Chromosomal micromatrix analysis prenatal
Chromosomal Microarray Analysis (CMA) is one of the most advanced methods of genetic diagnostics aimed at detecting structural abnormalities in the fetal chromosome set before birth.
Unlike conventional karyotyping, CMA can identify even the smallest genetic alterations, such as microdeletions and microduplications, which may go unnoticed using traditional methods.
This type of testing allows for the following:
- Detection of microdeletions and microduplications responsible for various inherited syndromes;
- Confirmation or clarification of findings suspected during ultrasound diagnostics;
- Comprehensive genetic assessment in cases of suspected congenital anomalies;
- Reduction of uncertainty in cases of high risk for inherited disorders.
Who Should Consider CMA?
- Pregnant women with abnormal findings on screening tests (ultrasound or biochemical);
- Patients with a family history of genetic disorders;
- In cases of recurrent pregnancy loss or stillbirth;
- When fetal structural anomalies are detected;
- After inconclusive results from other prenatal testing methods.
Key Advantages of CMA:
- Maximum accuracy - capable of detecting abnormalities that are not visible through conventional chromosomal diagnostics;
- Whole-genome assessment - provides a comprehensive analysis of all chromosomal regions;
- No cell culturing required - which significantly speeds up the testing process;
- Detection of rare syndromes - including 22q11.2 deletion syndrome, Williams syndrome, Prader-Willi syndrome, and others.
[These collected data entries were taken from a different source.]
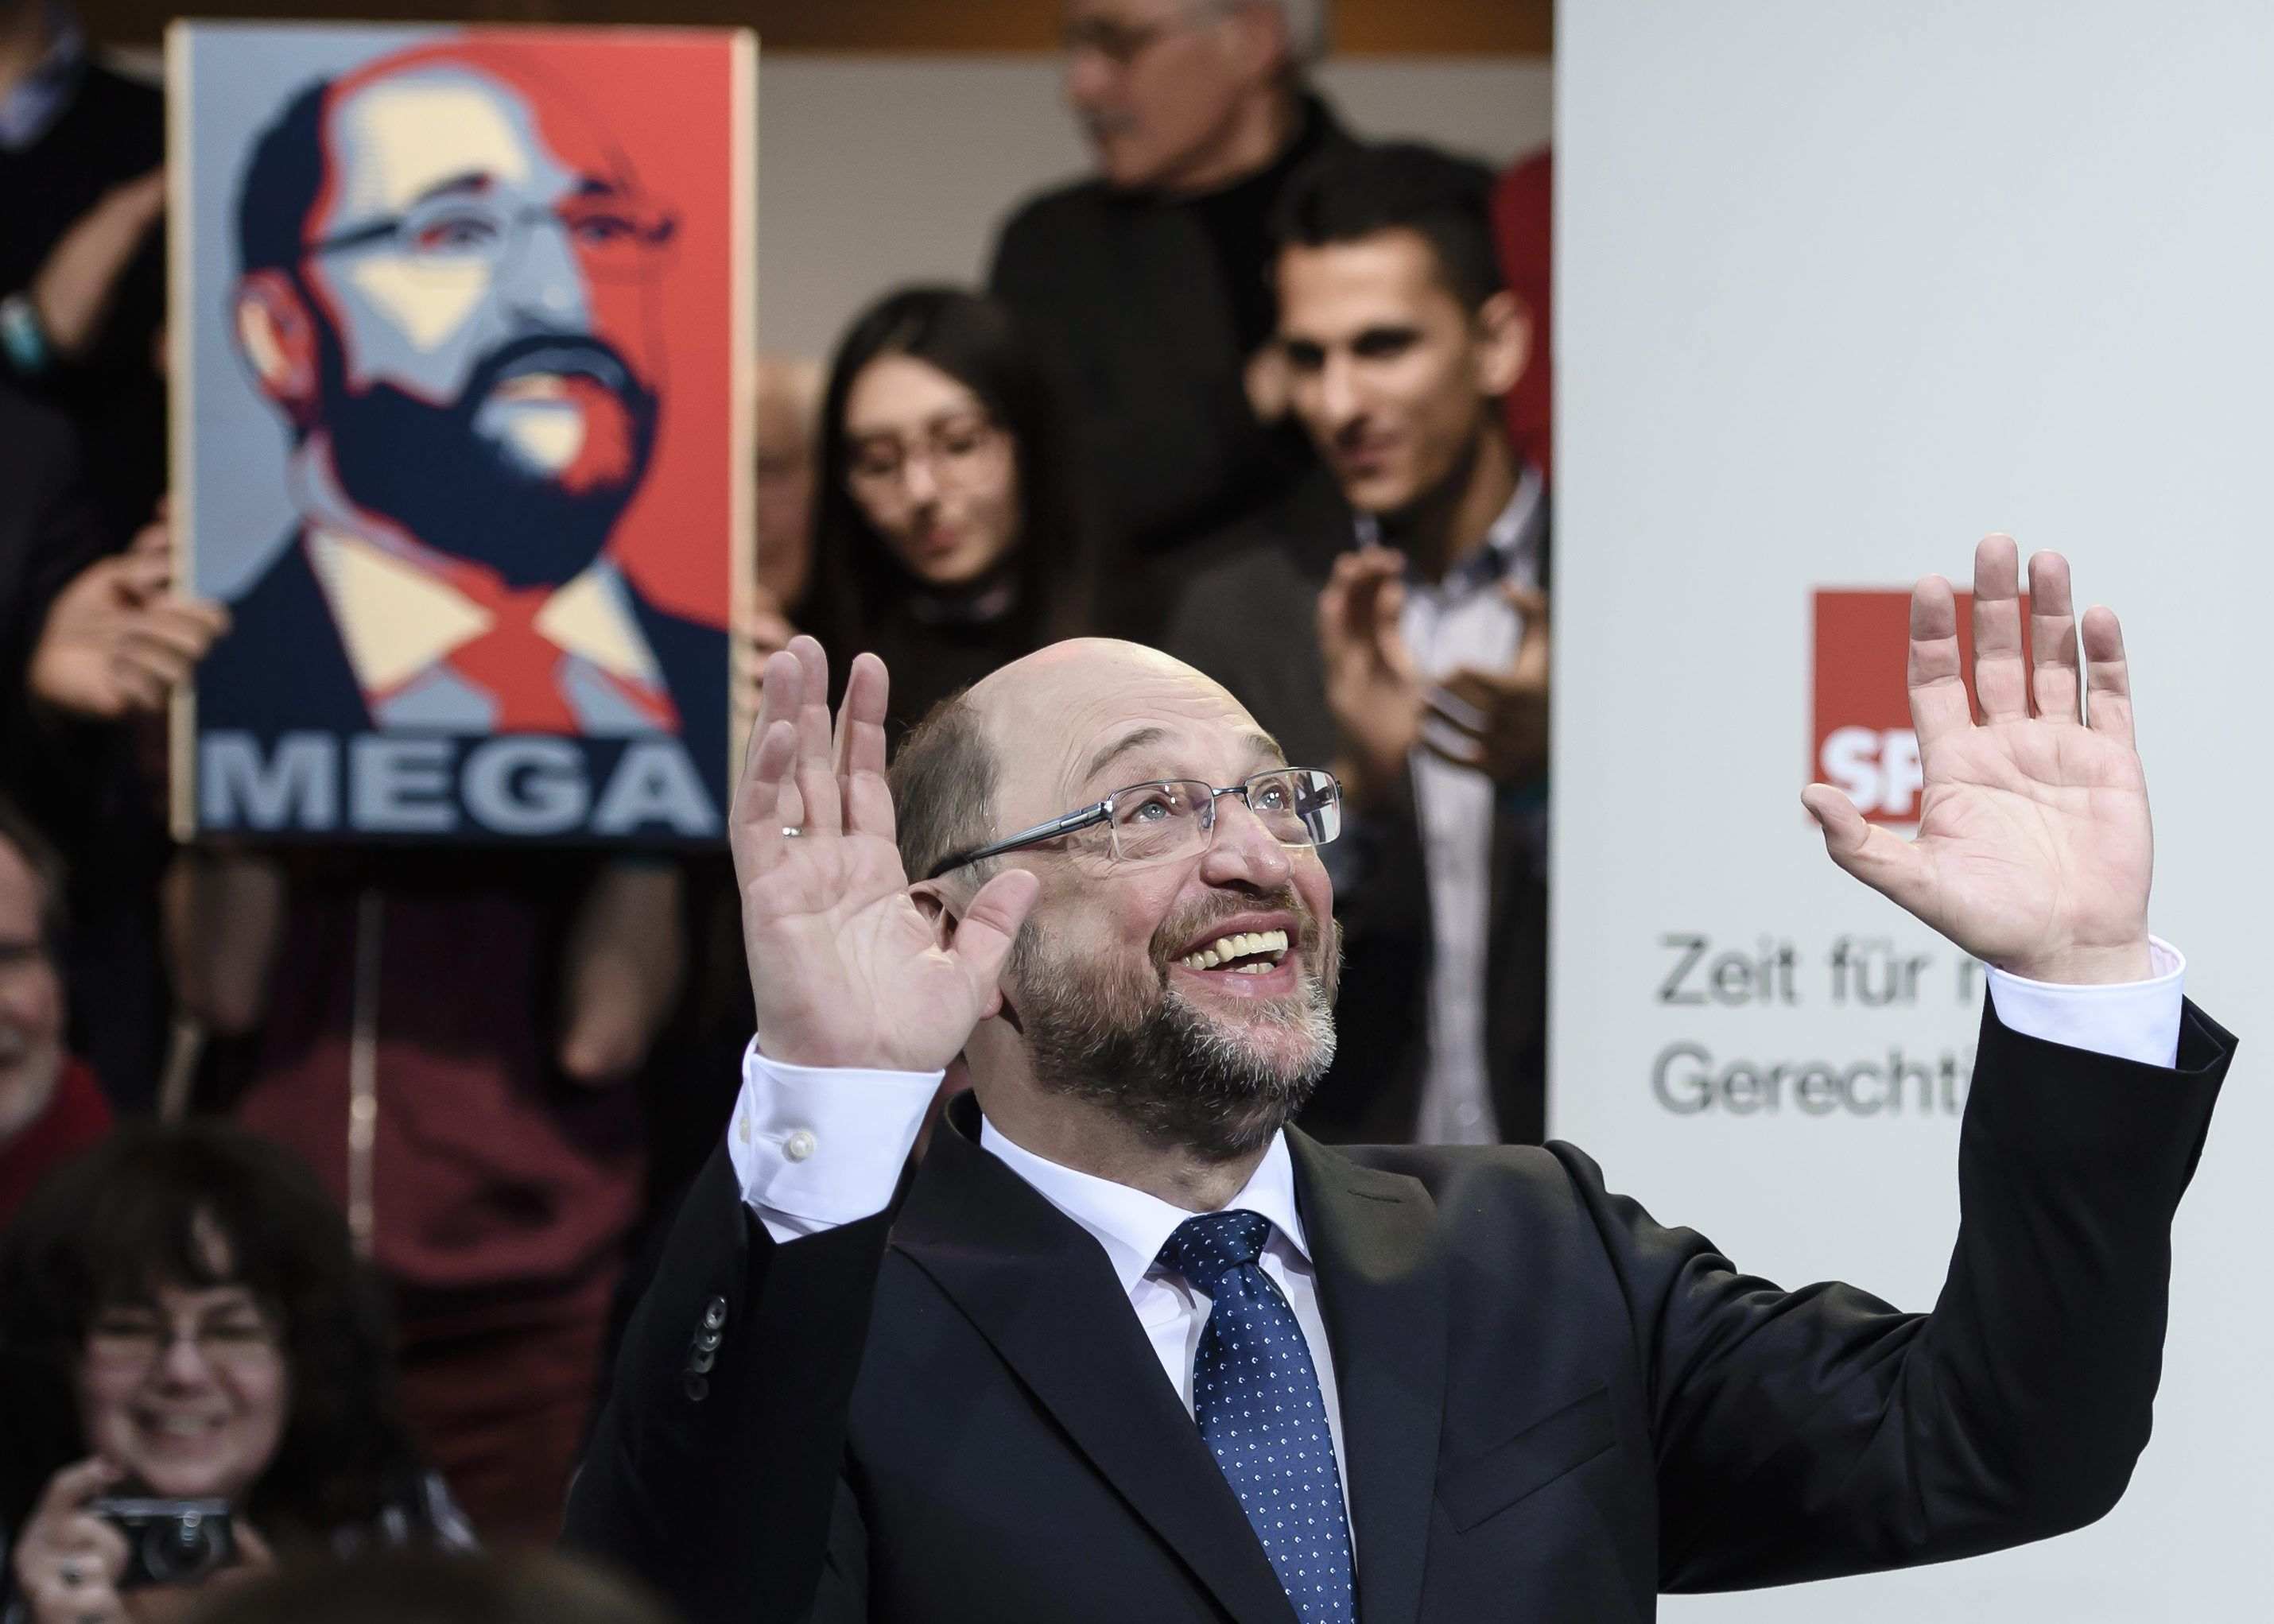 L'SPD alemany dona llum verda a negociar una nova gran coalició amb Merkel
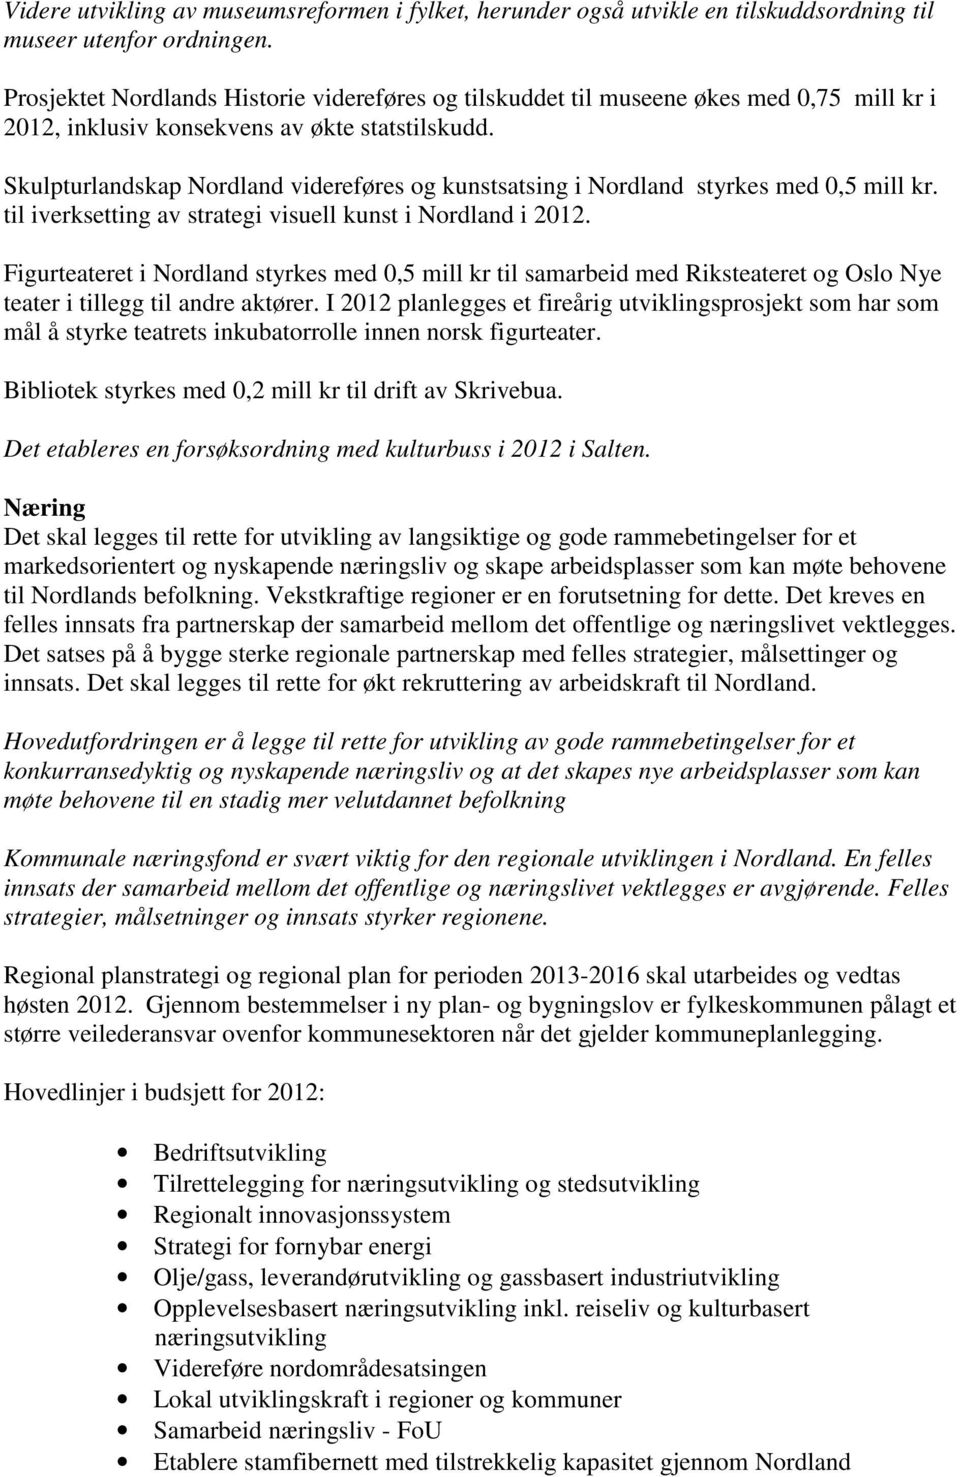 Skulpturlandskap Nordland videreføres og kunstsatsing i Nordland styrkes med 0,5 mill kr. til iverksetting av strategi visuell kunst i Nordland i 2012.
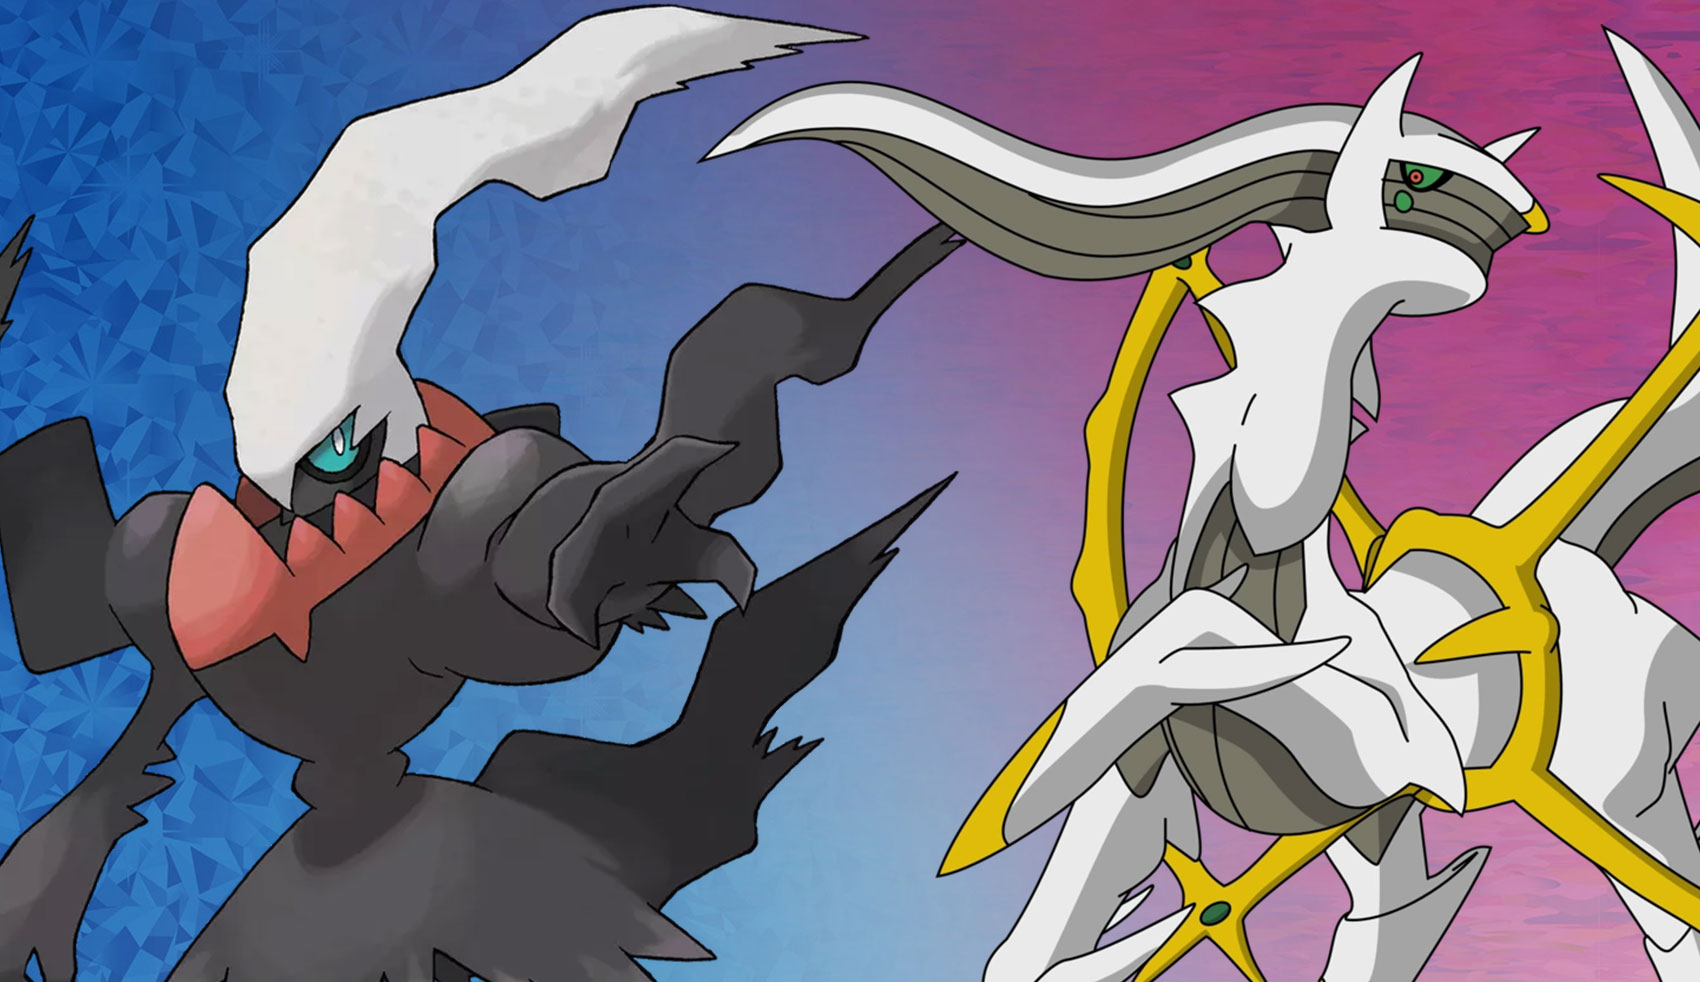 Darkrai e Arceus ficarão disponíveis para jogadores de Pokémon
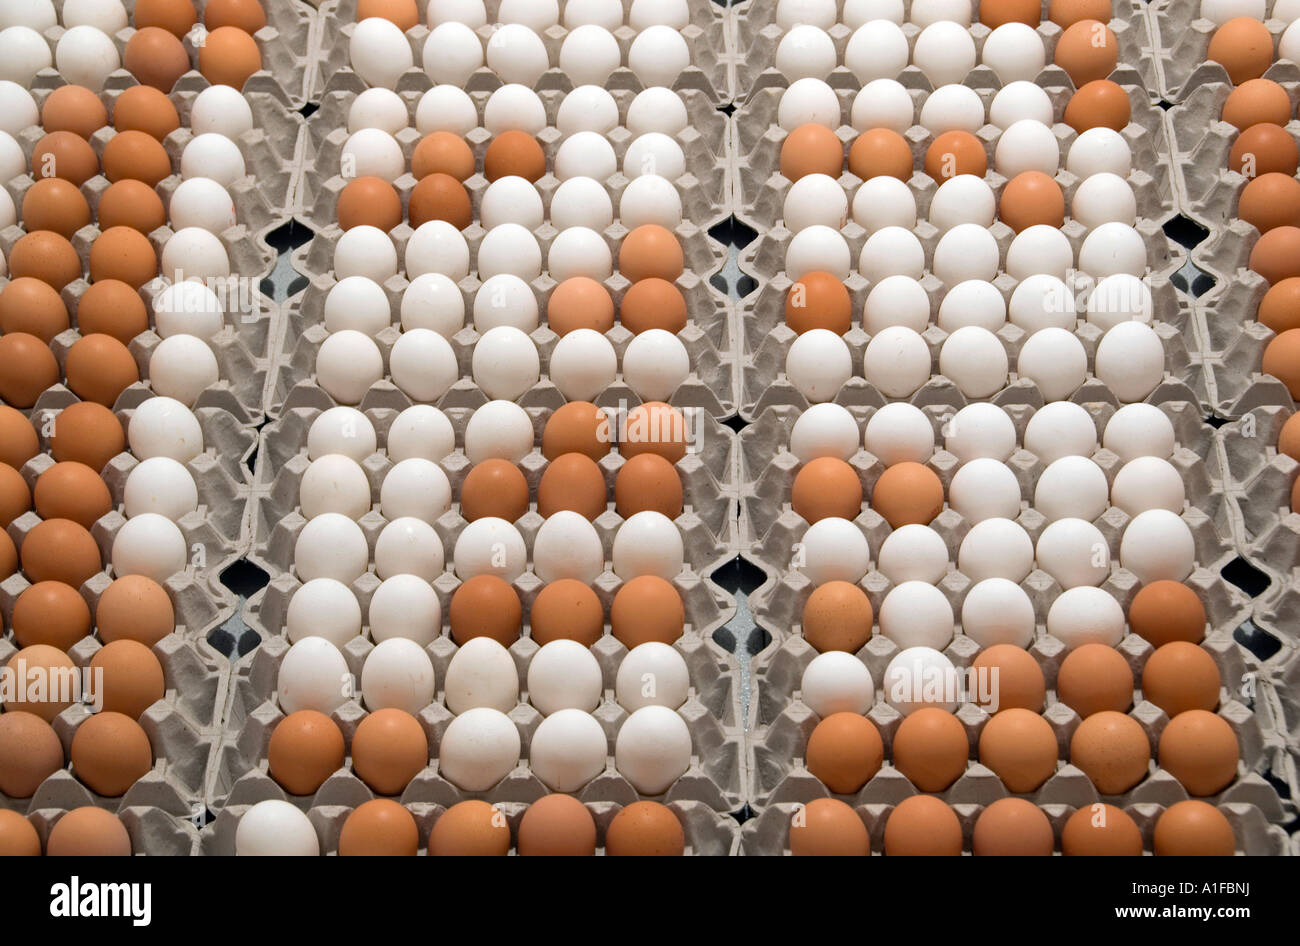 Pila de huevos de gallina en bandejas Foto de stock
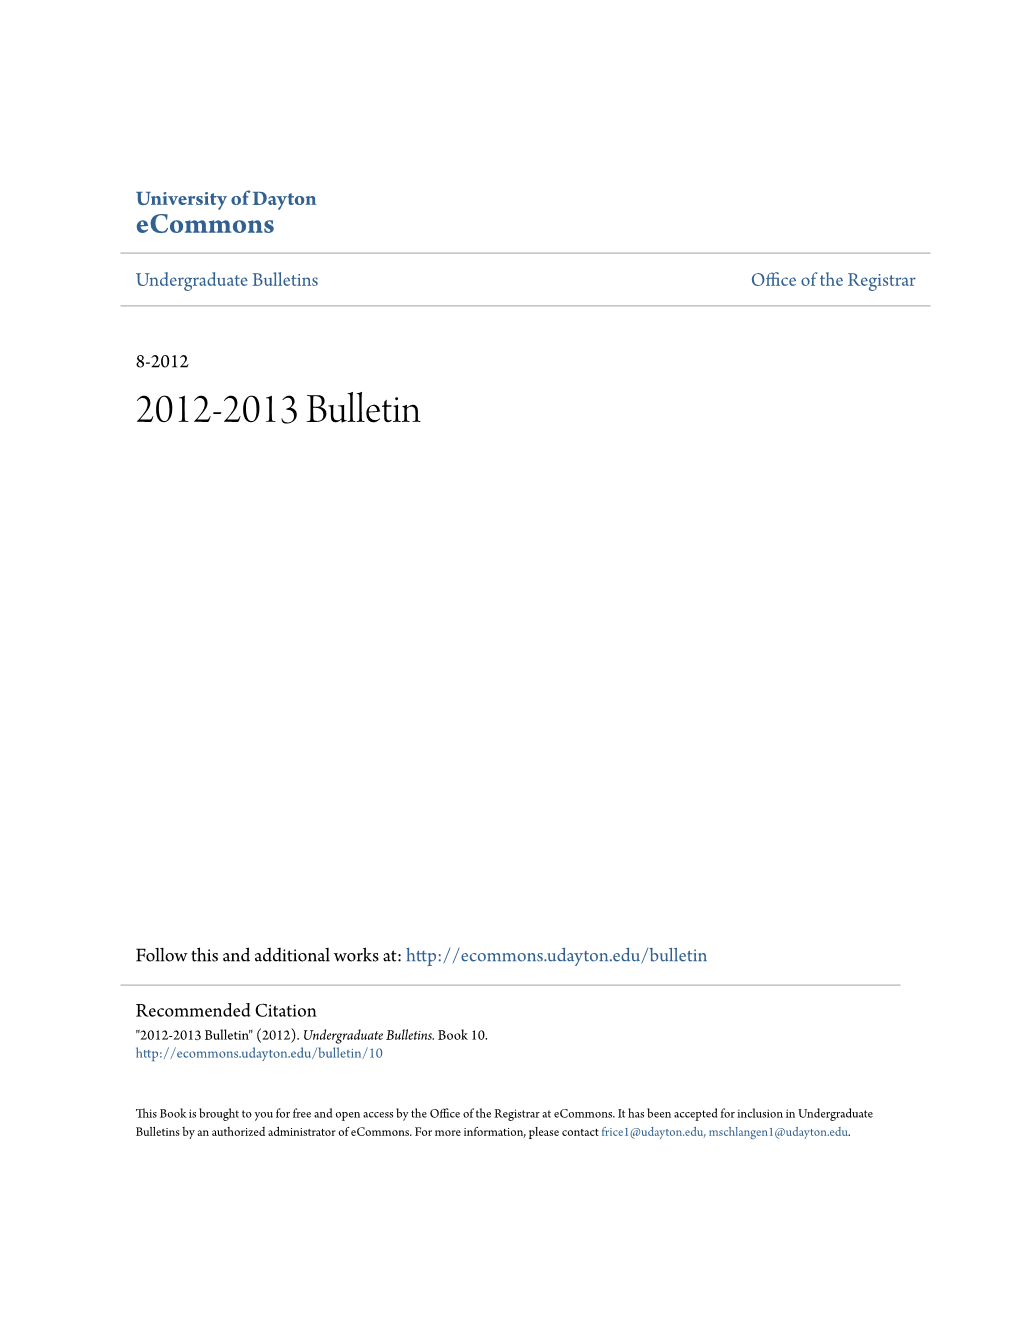 2012-2013 Bulletin

How Safe Is the Procedure?
The sample collection is performed in accordance with all established safety standards. Prior to the procedure, a consultation with a physician is required, during which the potential risks and benefits will be explained in detail.
Samples for Analysis:
Material is obtained through prenatal diagnostic procedures:
- Chorionic villus sampling
- Amniocentesis
- Cordocentesis
A microarray is prepared from the extracted DNA, which is then used for high-precision screening to detect losses or duplications of genetic material.